It is necessary now to consider how far we are justified in supposing that affects and conative tendencies can be regarded as entering into the content of the unconscious. The nature of the suppressed experience, both on the sensori-motor and fully conscious levels, points to the great importance of feeling and affect as furnishing the immediate motives for suppression, while the experience which is suppressed, especially on the sensori-motor level, is predominantly of an affective kind. This would suggest that the content of the unconscious is made up of affective elements and conative tendencies together with sensory and intellectual experience associated therewith. There is little difficulty in conceiving that affective states and conative tendencies should be suppressed, and that they should nevertheless be ready to reappear and manifest themselves when the suitable occasion arises. It is more difficult to conceive them as parts of the content of the unconscious. It seems to be easier for us, or at any rate for most of us, to conceive the content of the unconscious in terms of intellectual elements such as the memories of my claustrophobic patient or of my own life [in] the upper storey. It is a question, however, whether it is not best to go the whole way and acknowledge that affective states and the [p. 37] impulses associated therewith may be elements in the content of the unconscious, and there is much in the more pathological aspects of suppression which can be most adequately expressed if it be assumed that affective processes are actively present in the unconscious.

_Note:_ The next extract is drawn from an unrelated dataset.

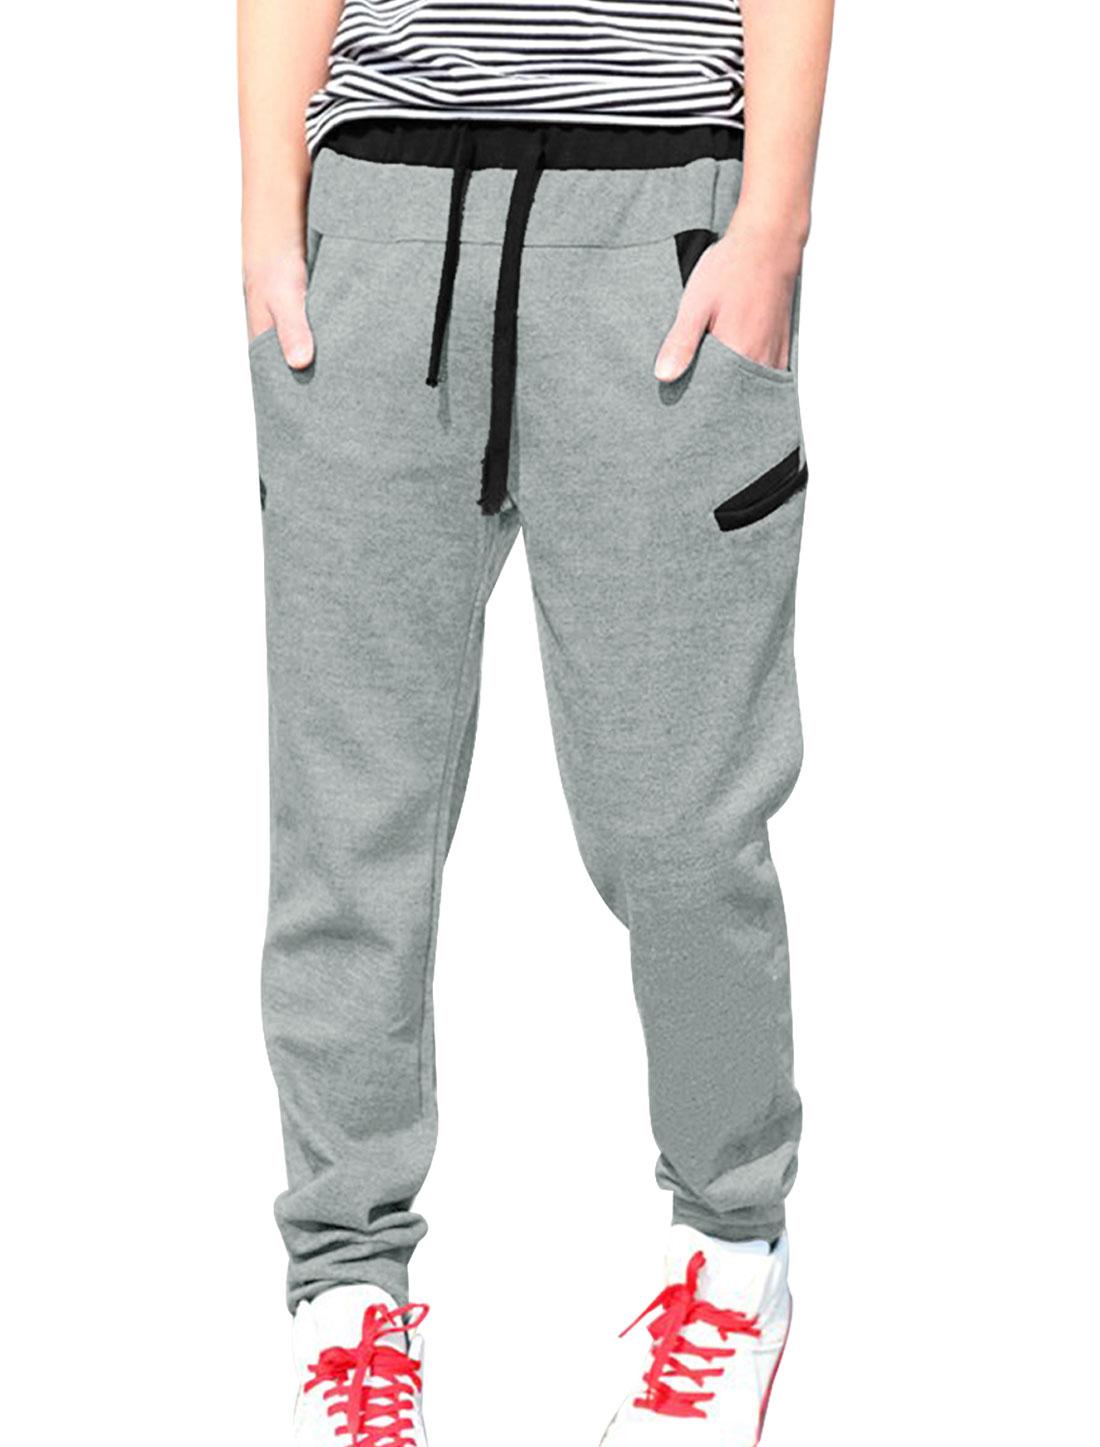 Men Stylish Elastic Waist Letter Print Back Sport Pants Light Gray W30

This subject is of great interest in that it brings us face to face with the unconscious "wish" of Freud. Many of those[1] who accept the main teachings of this writer are troubled by his use of the term "wish" as the basic element of his system of the unconscious. This term is definitely derived from the psychology of the conscious and it tends to convey much which is very doubtfully to be ascribed to those elements of the unconscious to which so potent a rôle is assigned in the Freudian psychology. It is of the utmost importance that we shall attain clear ideas concerning this fundamental aspect of the psychology of the unconscious. In attempting to deal with this matter it is an obvious task to consider the general character, of affective experience and of the conative trends associated with it.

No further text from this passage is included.